Ho ottenuto attraverso contatti a Brussell una copia delle liste di priorità
del TABD, che hanno un tono perentorio. Vi si trovano elencate le richieste
delle multinazionali, chi deve darsi da fare fra gli organi politici,
e ci sono per iscritto tutte le migliori intenzioni della Commissione
Europea nel soddisfarle. Prima di Seattle la Commissione ha addirittura
incoraggiato questa grande lobby a sottoporle ulteriori richieste, definendole
"priorità assolute" . Ma è giusto tutto
ciò? E giro la domanda al presidente Prodi. "Presidente," inizio, mentre
lui sfoglia la documentazione che gli ho appena passato, "qui la vostra
risposta sembra decisamente appiattita sugli interessi di questo grande
gruppo industriale." Prodi scuote il capo: "Fare gli interessi dei gruppi
industriali non significa non fare gli interessi della povera gente o
dei gruppi ambientalisti. Se lei mi accusa di proteggere gli interessi
industriali io dico sì, il problema è di vedere come si armonizzano queste
cose. " Nessuno contesta
che la Commissione Europea debba anche pensare agli interessi del mondo
degli affari, ma gli uomini di Romano Prodi sono dei politici, col mandato
di tutelare gli interessi di tutti i cittadini. I documenti riservati
che seguono sembrano invece contraddire in tema di globalizzazione le
rassicurazioni del Presidente Prodi. Ne riporto qui alcuni
passaggi preoccupanti, ricordando che si tratta di documenti ufficiali
che circolavano da tempo fra i burocrati di Brussell: 1997: DISCORSO ALLE
INDUSTRIE CHIMICHE DEL VICE PRESIDENTE DELLA COMMISSIONE EUROPEA "Siate
tempisti, e cioé diteci per tempo se pensate che qualcosa debba essere
fatto, o, ancora meglio, se pensate che qualcosa debba essere stroncato
sul nascere." 1997: COMMISSARIO EUROPEO AL COMMERCIO "Il Trans Atlantic
Business Dialogue è diventato un meccanismo efficace per ancorare le politiche
dei governi sugli interessi dei gruppi di affari. " COMMISSIONE EUROPEA,
DIRETTORATO GENERALE PER IL COMMERCIO "Vogliamo trovare un
accordo con gli Stati Uniti per stabilire un sistema di pre-allarme contro
le proposte politiche che potranno avere un impatto negativo sulle industrie
di servizi." Ancorare i governi sugli interessi dei gruppi d'affari?
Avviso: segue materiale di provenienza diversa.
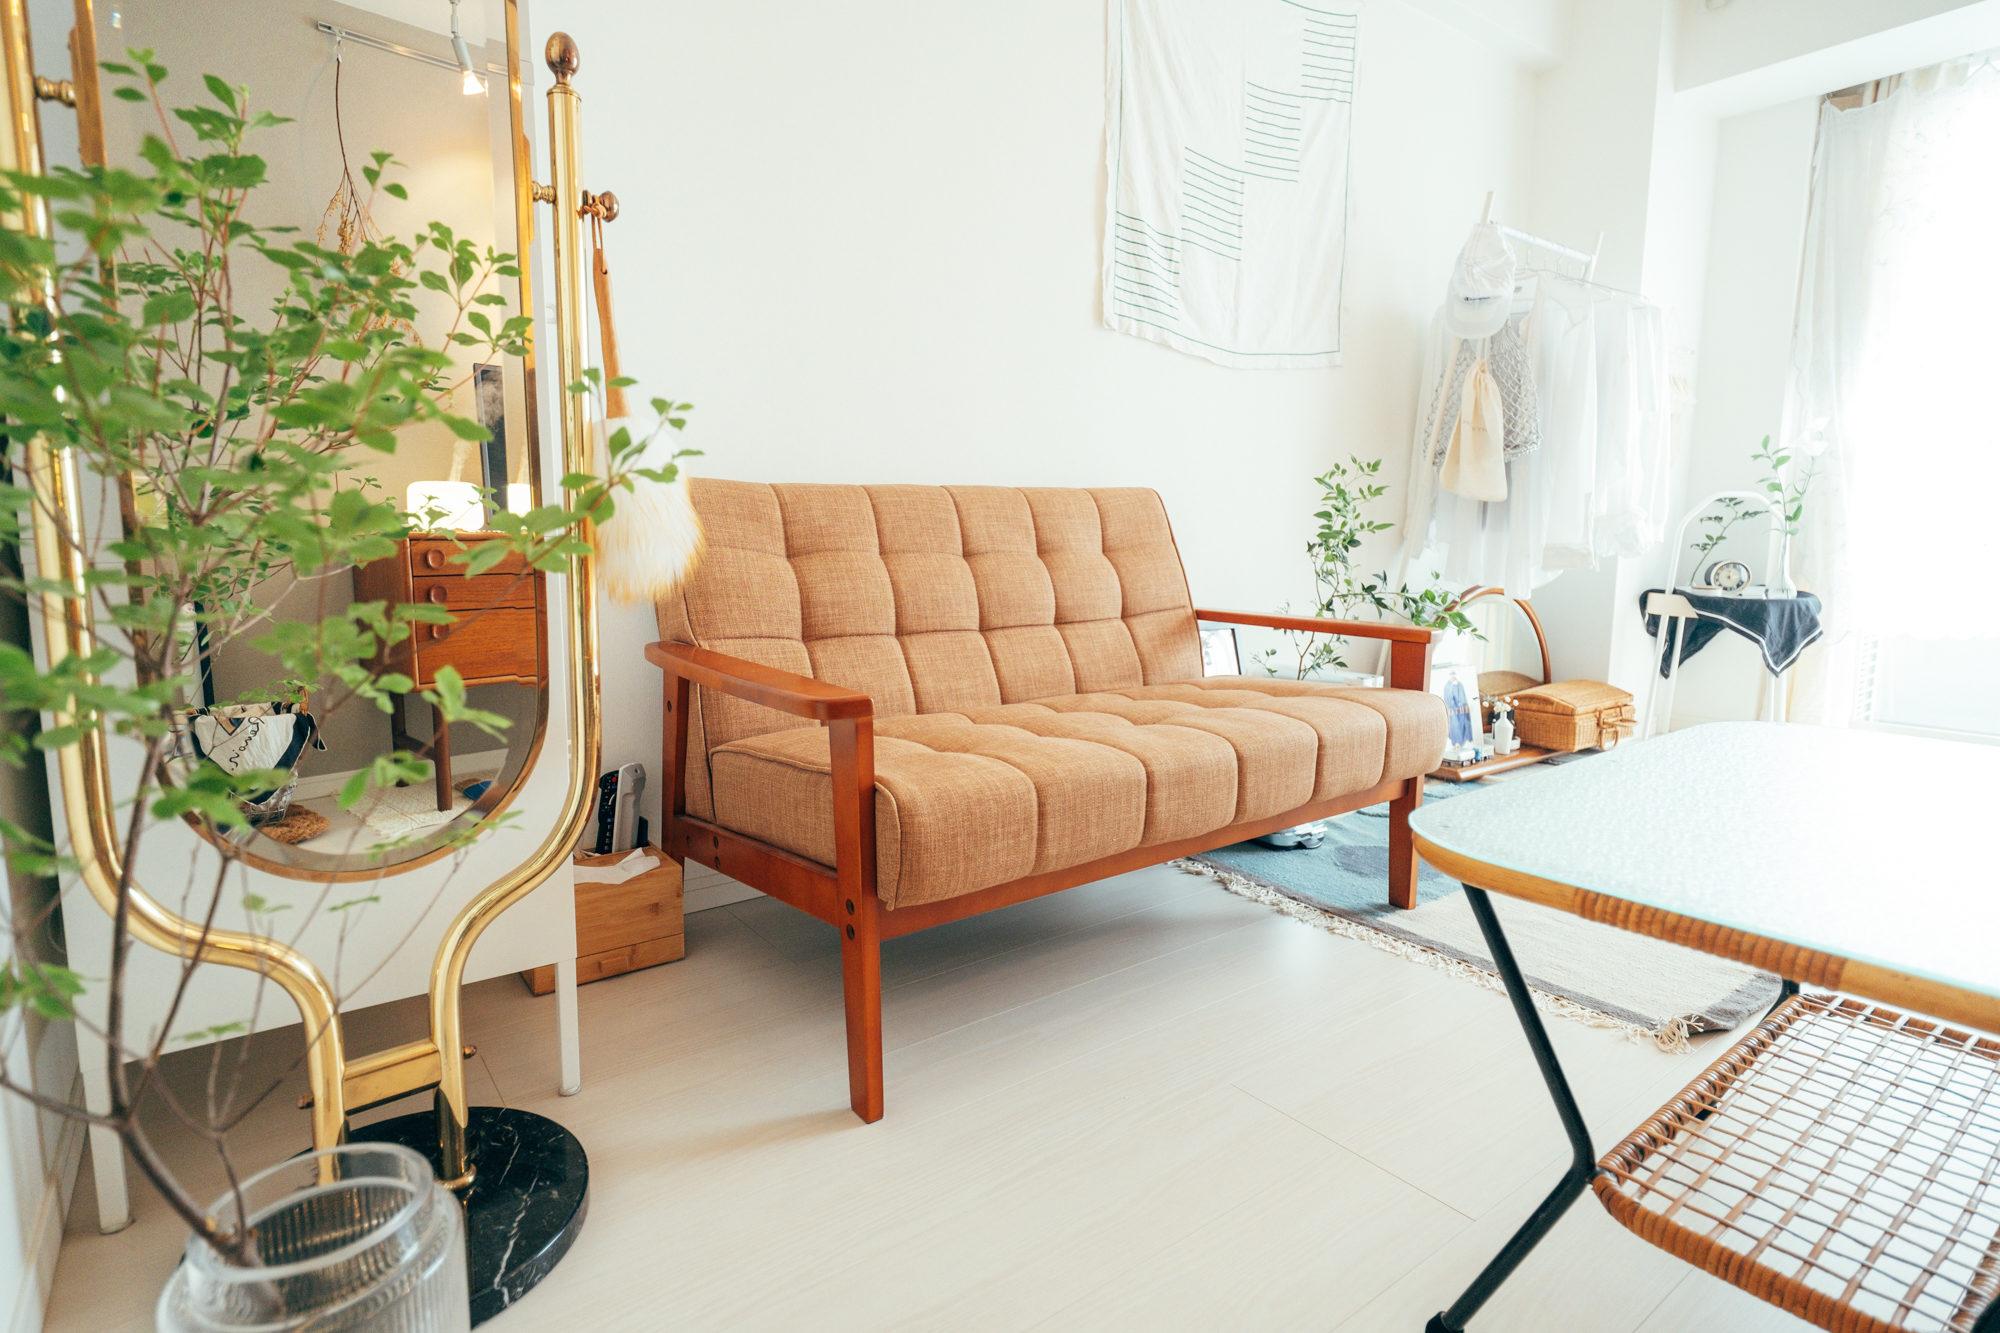 お部屋の入り口で合わせて目立つのがソファ。家での時間のほとんどはソファ上で過ごすことが多いそう。 「テレビ台の色合いとズラしたくなくて、ソファもRe:CENOで赤っぽい茶色を選びました。」

Sistemi
di pre allarme contro le proposte politiche? Ma per conto di chi lavorate,
presidente Prodi? "Guardiamo alle cose
più serie" ribatte il Presidente di fronte a quelle carte, "non guariamo
a queste frasi che non dicono assolutamente nulla. Queste sono dichiarazioni
che io condivido." Eppure, tutto sarebbe più equlibrato se la Comissione
Europea, che ci sta globalizzando, ogni tanto chiedesse anche a noi cittadini
cosa ne pensiamo. Ma lo fa? Una cosa è certa, i grandi gruppi di servizi,
come le finanziarie, le grandi assicurazioni o le banche vengono consultati
in tempo reale da un sistema elettronico che si chiama S.I.S., messo in
opera dalla Commissione Europea, come prova un altro documento firmato
Direttorato Generale1, che recita: "La Commissione Europea
ha creato un sistema di consultazione con le industrie dei servizi che
permette ai negoziatori della Commissione di consultare rapidamente le
aziende e anche i singoli azionisti." Chiedo spiegazioni al responsabile
di questa iniziativa, Dietrich Barth, nel suo ufficio al quinto piano
della Commissione. Barth candidamente conferma: "Quest'anno sono previsti
i negoziati del WTO per la liberalizzazione dei servizi. La Commissione
ha un assoluto bisogno di conoscere gli interessi dei grandi gruppi d'affari
di questo settore." Ma perché Barth, che lavora per i politici, non menziona
anche gli interessi dei semplici cittadini? Gli chiedo provocatoriamente:
"Sono sicuro che vorrete
conoscere anche gli interessi delle persone comuni, o dei gruppi che li
rappresentano. Dov'è il sistema elettronico per consultare anche loro?"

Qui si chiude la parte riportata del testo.